# Tivo Update coming... Vudu & Peacock Integration + Match Score



## dbpaddler (Sep 25, 2004)

Just saw this email...

TiVo Just Upped Its Content Game.

We have three big updates to tell you about this week! Let’s get right to it.

TiVo Stream 4K has Vudu!

Vudu is now fully integrated into TiVo Stream 4K. Not only do you get an awesome premium service for rental and purchases of movies & TV shows, but also an even larger selection of free content. Read all about it below.


Introducing TiVo Match Score.

TiVo is a matchmaker now… for your content, that is. Introducing TiVo Match Score, our newest addition to TiVo that helps you choose the best streaming services for YOU.

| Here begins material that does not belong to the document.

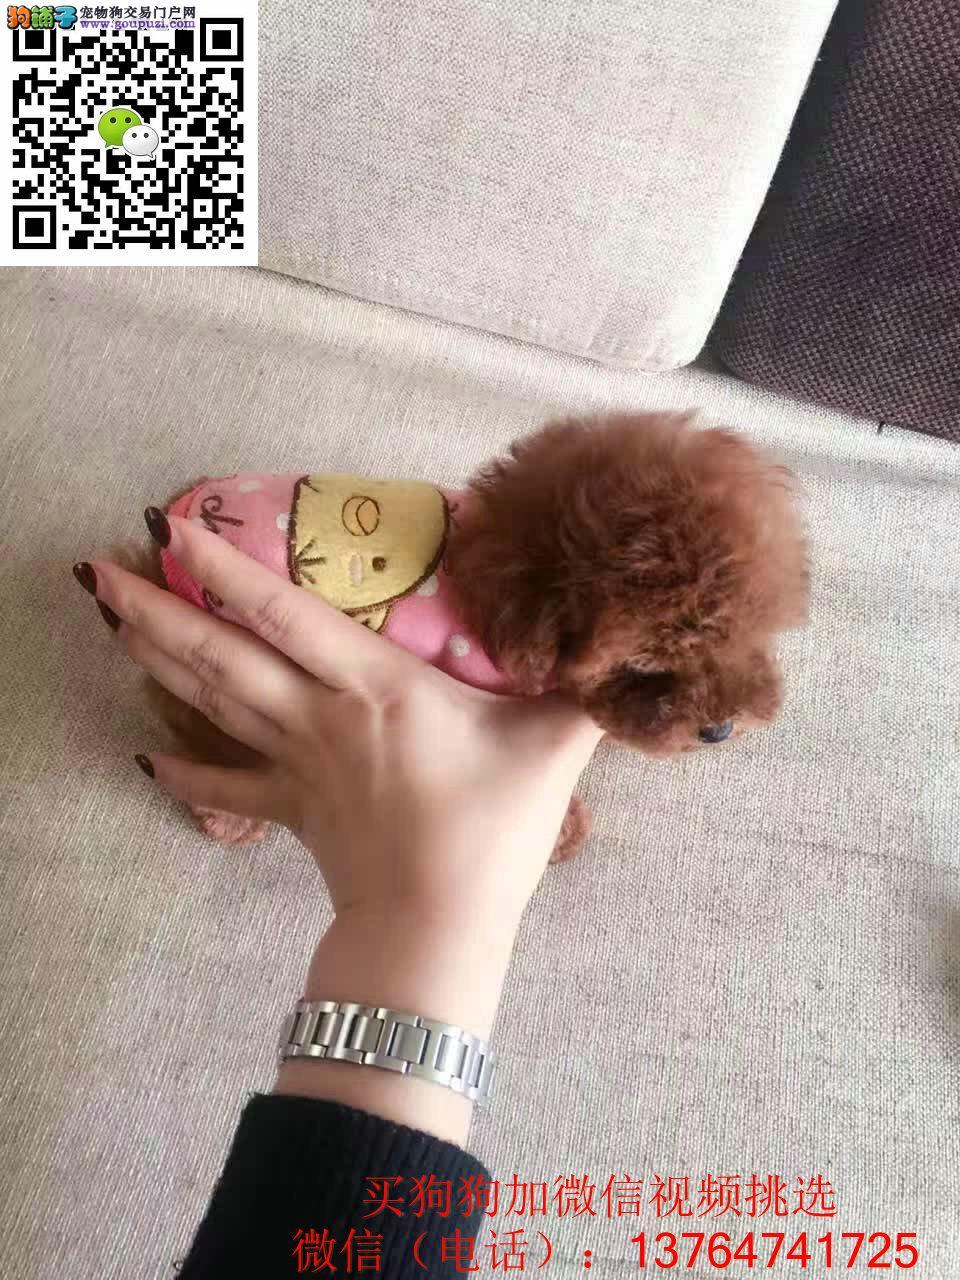 珠海贵宾犬出售珠海哪卖贵宾犬保证健康纯正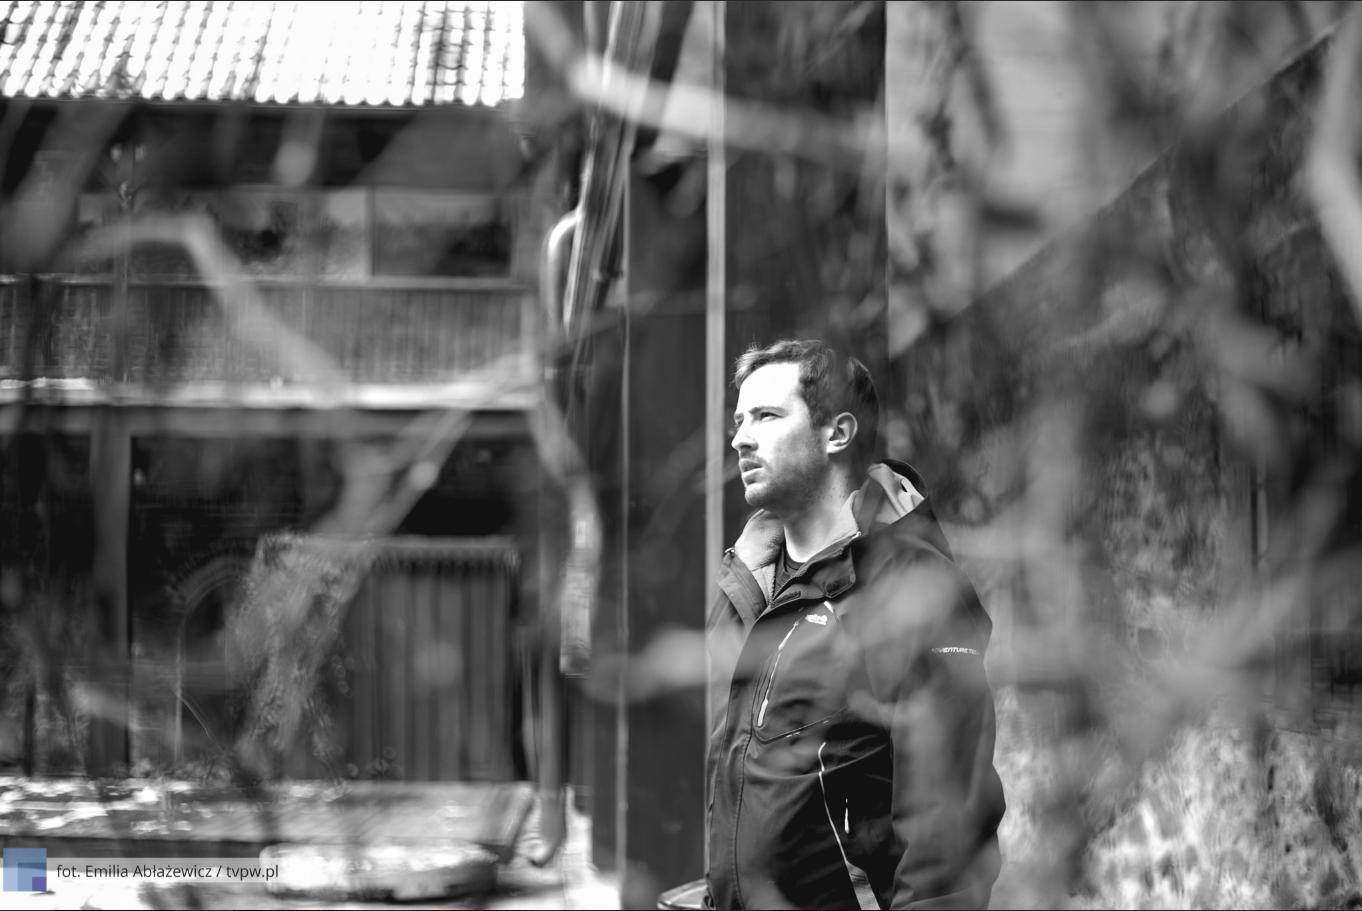 INTERVIEW WITH CINEMATOGRAPHER TOMASZ JANUSZEWSKI

Peacock Has Arrived On TiVo Stream 4K.

Peacock has multiple tiers, each at different price points. The free tier offers a large selection of free shows while the Premium paid tiers unlock the entire Peacock catalog. More on that, here:



Sent from my SM-N981U using Tapatalk


----------



## Alex_7 (Jun 24, 2020)

this is all old news

TS4K Match Score on the way ...


----------



## TRoss68 (Sep 13, 2014)

*Can* *TiVo Stream 4K be used with Tivo Roamio? and if so how would you hook it up?*


----------



## dbpaddler (Sep 25, 2004)

TRoss68 said:


> *Can* *TiVo Stream 4K be used with Tivo Roamio? and if so how would you hook it up?*


No

Sent from my Surface Duo using Tapatalk


----------



## dbpaddler (Sep 25, 2004)

Alex_7 said:


> this is all old news
> 
> TS4K Match Score on the way ...
> 
> View attachment 55726


Wonder why they just got around to the email

Sent from my Surface Duo using Tapatalk


----------